◆ **What to produce**: From the records below, take each line where the string "Stockfoto" shows up and copy it.

:: Exercise data ::

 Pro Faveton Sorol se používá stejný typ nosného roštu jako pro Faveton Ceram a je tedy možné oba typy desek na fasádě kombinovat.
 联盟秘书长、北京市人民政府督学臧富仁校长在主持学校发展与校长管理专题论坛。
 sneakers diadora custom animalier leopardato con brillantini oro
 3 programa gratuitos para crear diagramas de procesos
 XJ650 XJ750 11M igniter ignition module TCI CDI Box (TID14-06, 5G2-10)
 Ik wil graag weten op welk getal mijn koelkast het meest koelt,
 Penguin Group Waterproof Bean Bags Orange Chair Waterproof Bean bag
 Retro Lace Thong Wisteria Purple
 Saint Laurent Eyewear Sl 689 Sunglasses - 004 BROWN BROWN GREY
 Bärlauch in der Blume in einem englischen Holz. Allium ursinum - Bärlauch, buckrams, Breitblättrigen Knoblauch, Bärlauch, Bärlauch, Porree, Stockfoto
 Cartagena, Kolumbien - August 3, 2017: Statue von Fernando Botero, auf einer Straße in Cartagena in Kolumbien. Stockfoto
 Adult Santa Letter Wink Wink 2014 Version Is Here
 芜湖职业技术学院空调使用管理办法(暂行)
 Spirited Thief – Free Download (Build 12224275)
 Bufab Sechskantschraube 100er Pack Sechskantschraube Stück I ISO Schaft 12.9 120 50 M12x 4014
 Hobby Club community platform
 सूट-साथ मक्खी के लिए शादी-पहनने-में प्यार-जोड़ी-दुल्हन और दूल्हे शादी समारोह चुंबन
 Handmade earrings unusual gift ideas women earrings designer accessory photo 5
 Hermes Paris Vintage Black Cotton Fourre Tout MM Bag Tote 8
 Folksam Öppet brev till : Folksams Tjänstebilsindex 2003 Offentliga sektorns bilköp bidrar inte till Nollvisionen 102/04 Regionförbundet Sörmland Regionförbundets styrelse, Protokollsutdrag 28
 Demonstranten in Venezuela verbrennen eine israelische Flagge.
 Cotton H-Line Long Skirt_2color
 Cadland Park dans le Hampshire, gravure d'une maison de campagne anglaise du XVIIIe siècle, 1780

:::

◆ **Written answer**:
 Bärlauch in der Blume in einem englischen Holz. Allium ursinum - Bärlauch, buckrams, Breitblättrigen Knoblauch, Bärlauch, Bärlauch, Porree, Stockfoto
 Cartagena, Kolumbien - August 3, 2017: Statue von Fernando Botero, auf einer Straße in Cartagena in Kolumbien. Stockfoto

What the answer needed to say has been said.